All these things do not really bother me, but I am thinking of installing movement detectors so doors open (and close) automatically, and lights go on (and off again) automatically.
And objects in a program can much more easily be automated than physical objects in a house or building. Add to that that light and door management is often forgotten (doors here are often open and we forget to turn off the light in the kitchen). Likewise, one can also forget to free objects. Computers are much better at this than we are and they don't forget.
Manual memory management:
is very often done wrong, even by those who think they fully control it; you only really control it if you can code thus that you can be sure that you can't have objects that are freed to early or too late. Not many actually know how to do that (or actually: how to avoid writing code that can do these bad things). Object freed too early: you could access a freed object. Object freed too late: memory leak.
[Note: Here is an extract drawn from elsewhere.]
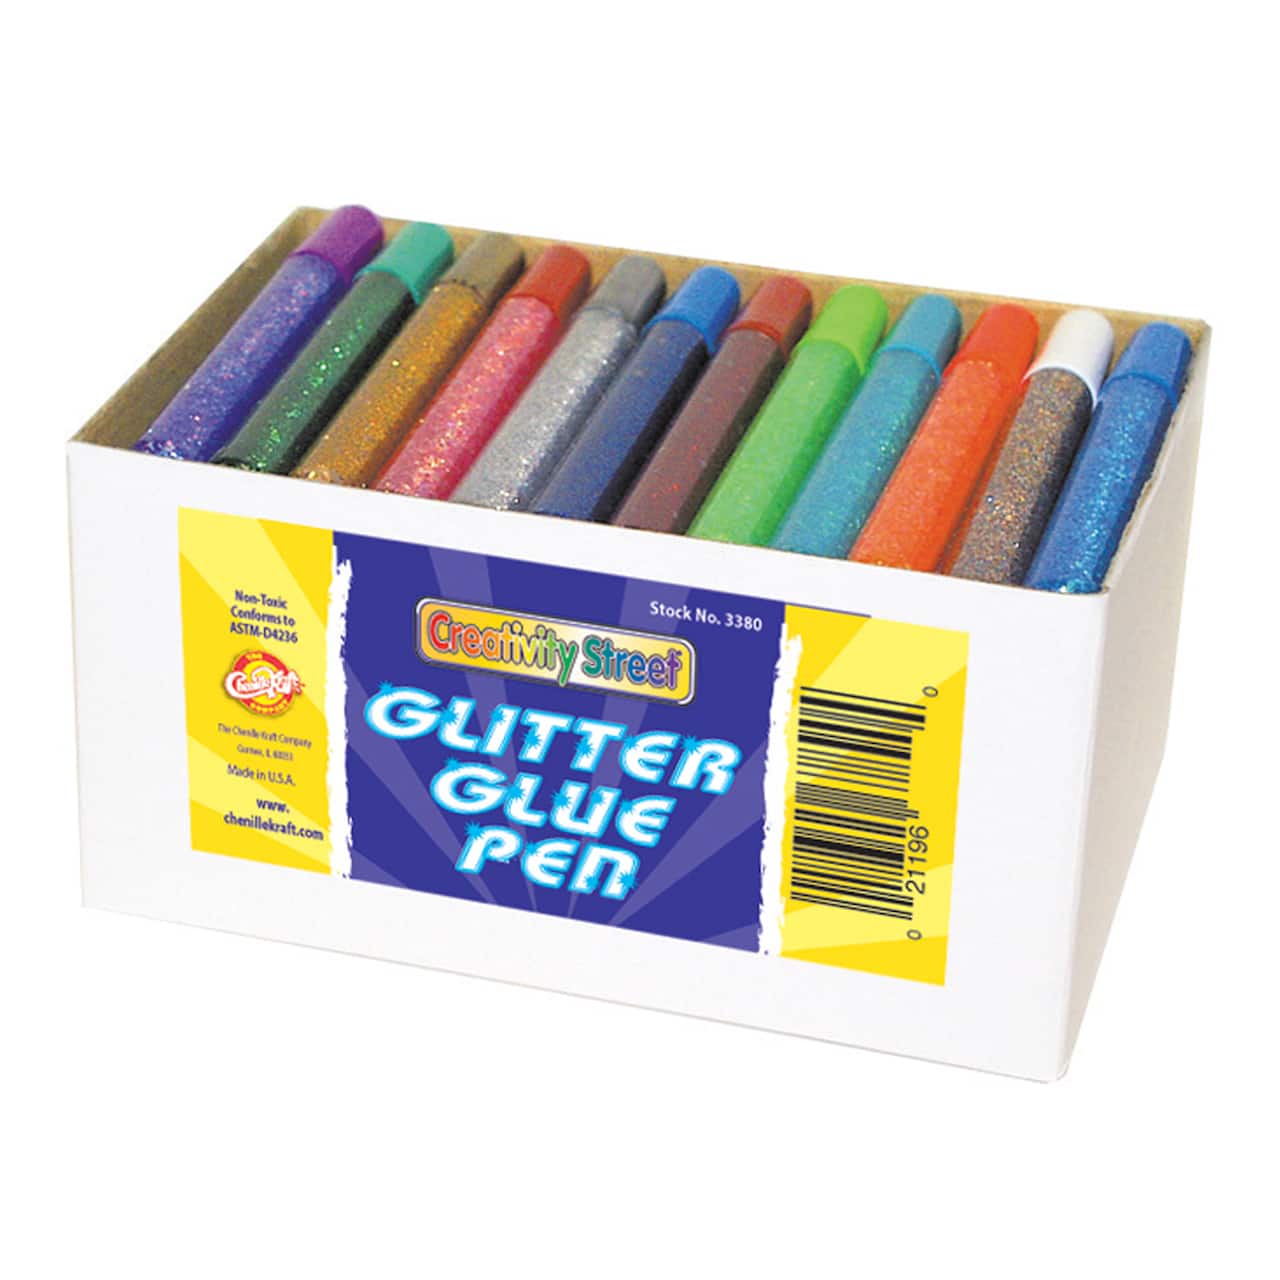 6 Packs: 74 ct. (432 total) Glitter Glue Pens Classpack
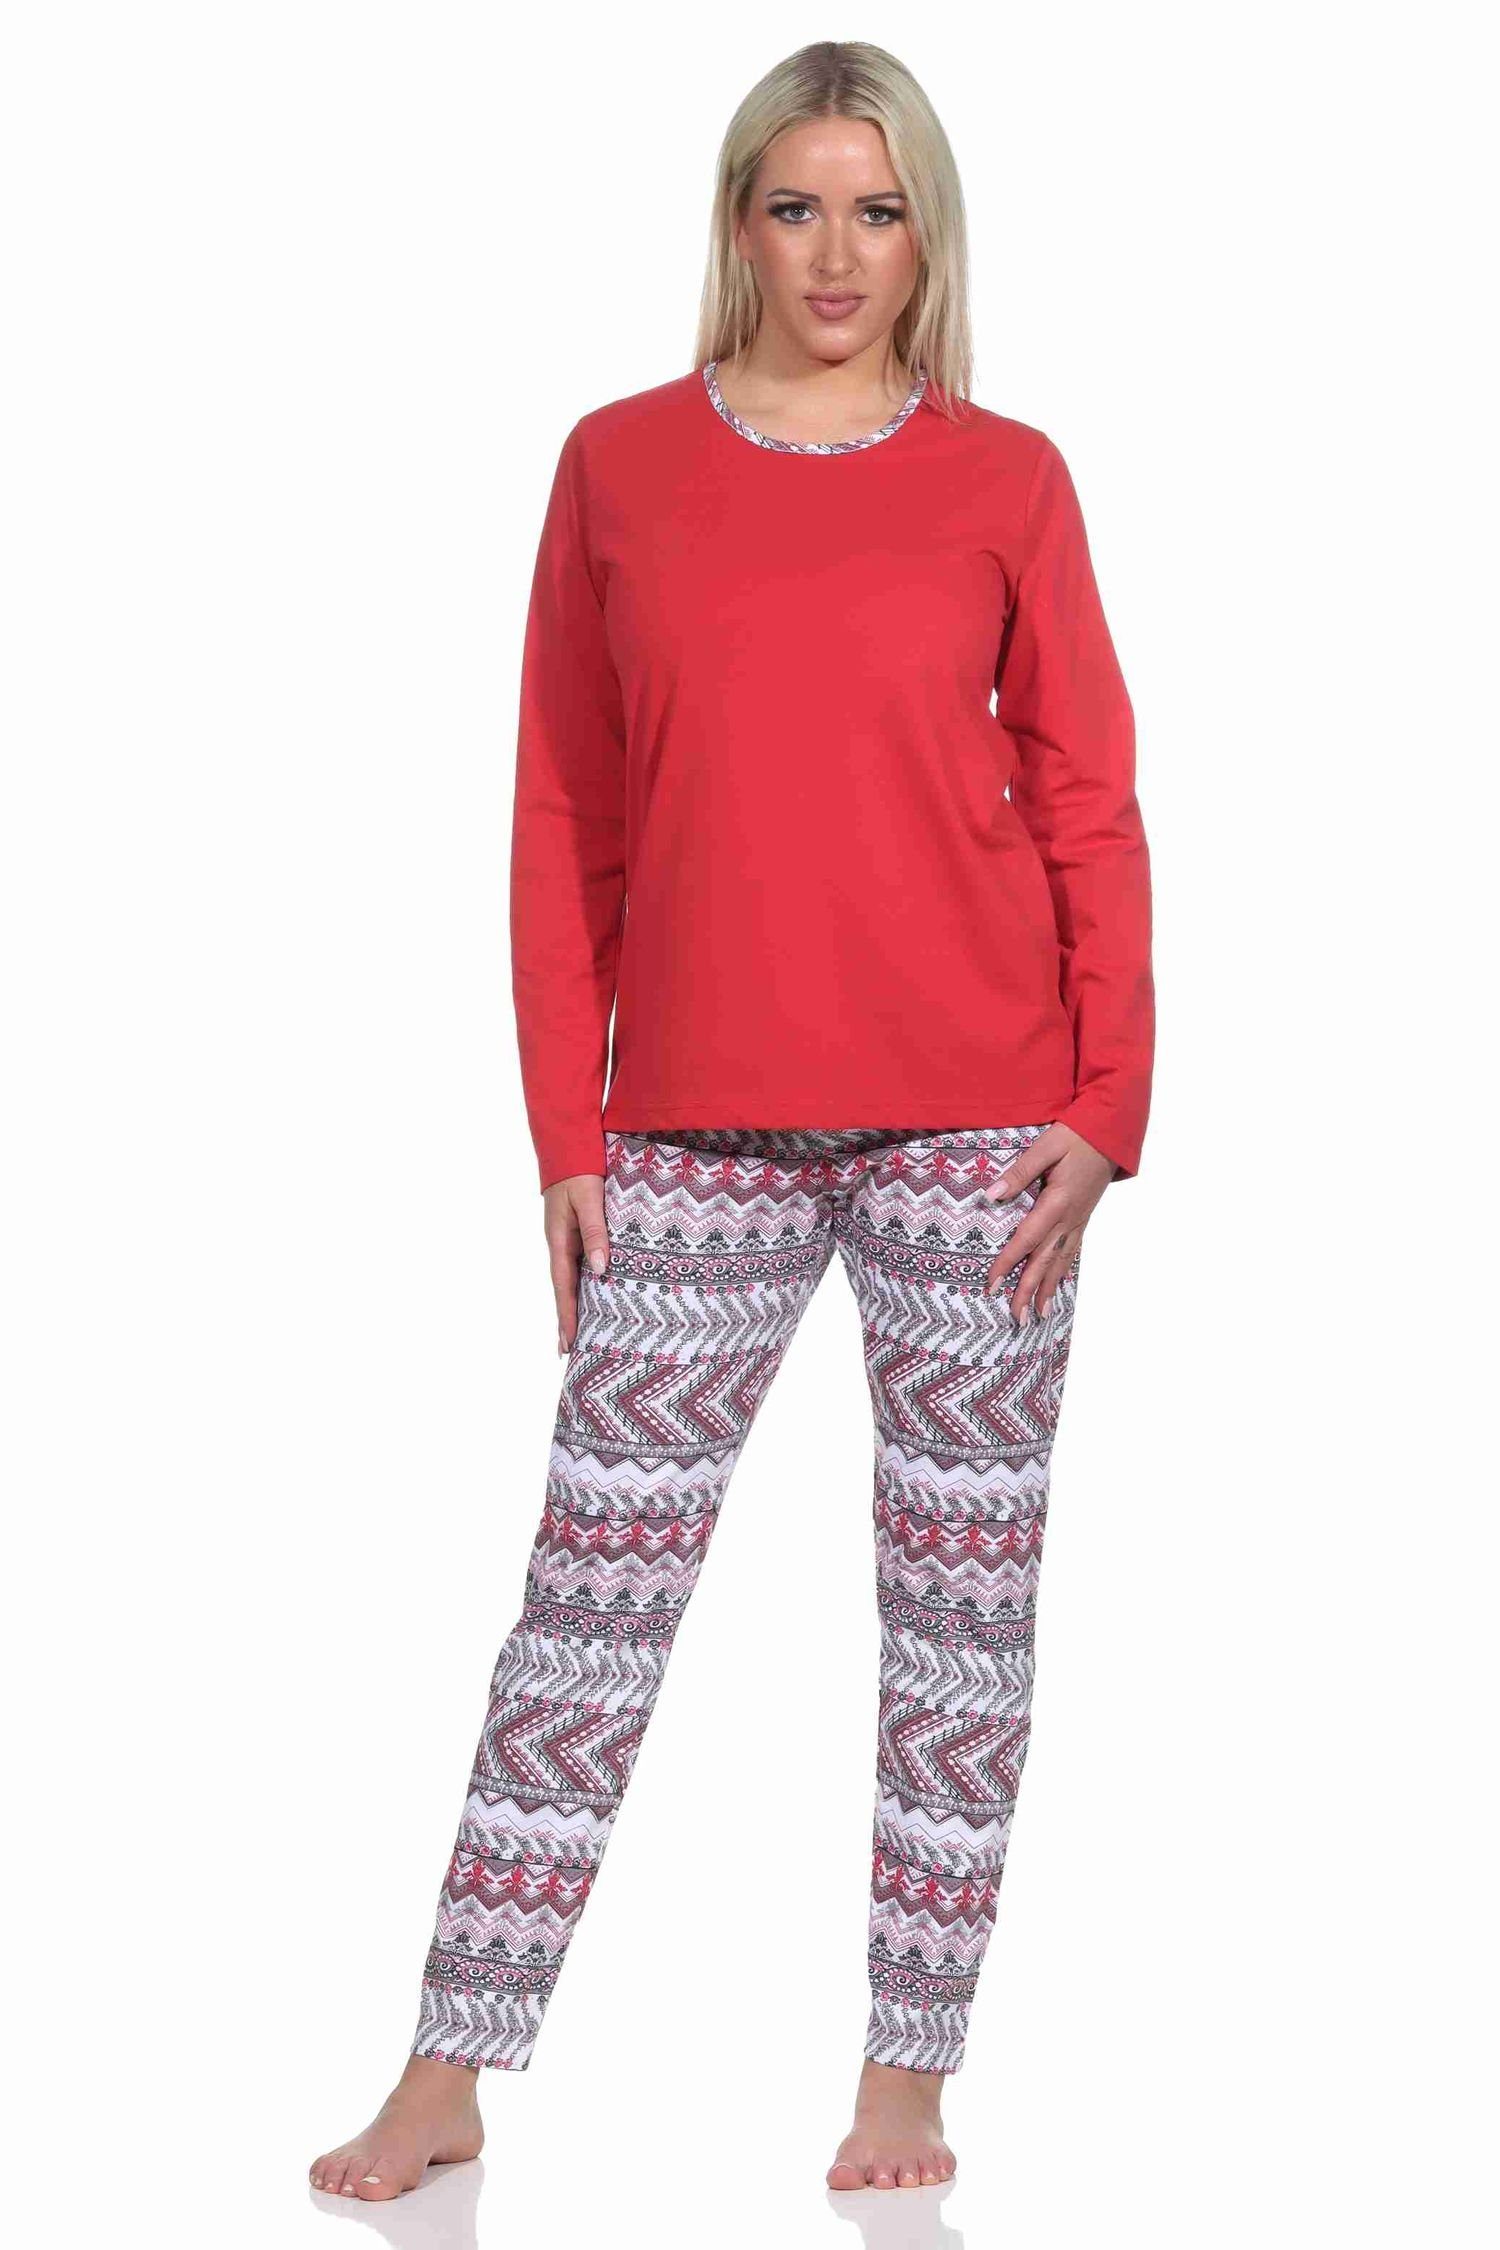 Damen Normann Ethnolook wunderschönen Pyjama Schlafanzug im langarm rot

is a chore so why not get rid of it? It is not that I can't handle it, it is that I don't want to. I can also handle shift gears and yet I prefer an automatic gear, because that is more relaxed.
is the cause of many (most?) errors in programming. It is always nice if you can remove such an important source of errors.
So I am quite sad that they want to roll back ARC. It had its flaws, but more because the libraries were not really designed for it and had sometimes conflicting memory management strategies like the ownership/notification principle in the VCL and FMX than because of how ARC actually works. Now they seem to be thinking of going the lightweight smart pointers (hence the desire for auto-constructors and auto-destructors). I am not sure if that is a solution.
I had hoped they would go the way MS proposed, a different kind of (indirect) refcounting, something I have been thinking about for years. It requires that pointers work slightly differently, and don't directly point to an object.
Oh well.
So again: yes we can certainly do all these things, but we tend to forget them and the fact we must do them repeatedly and often is a nuisance, so something that relieves us of that task can make our code safer and easier to write at the same time. It is like buying a car with automatic gear instead of shift gear.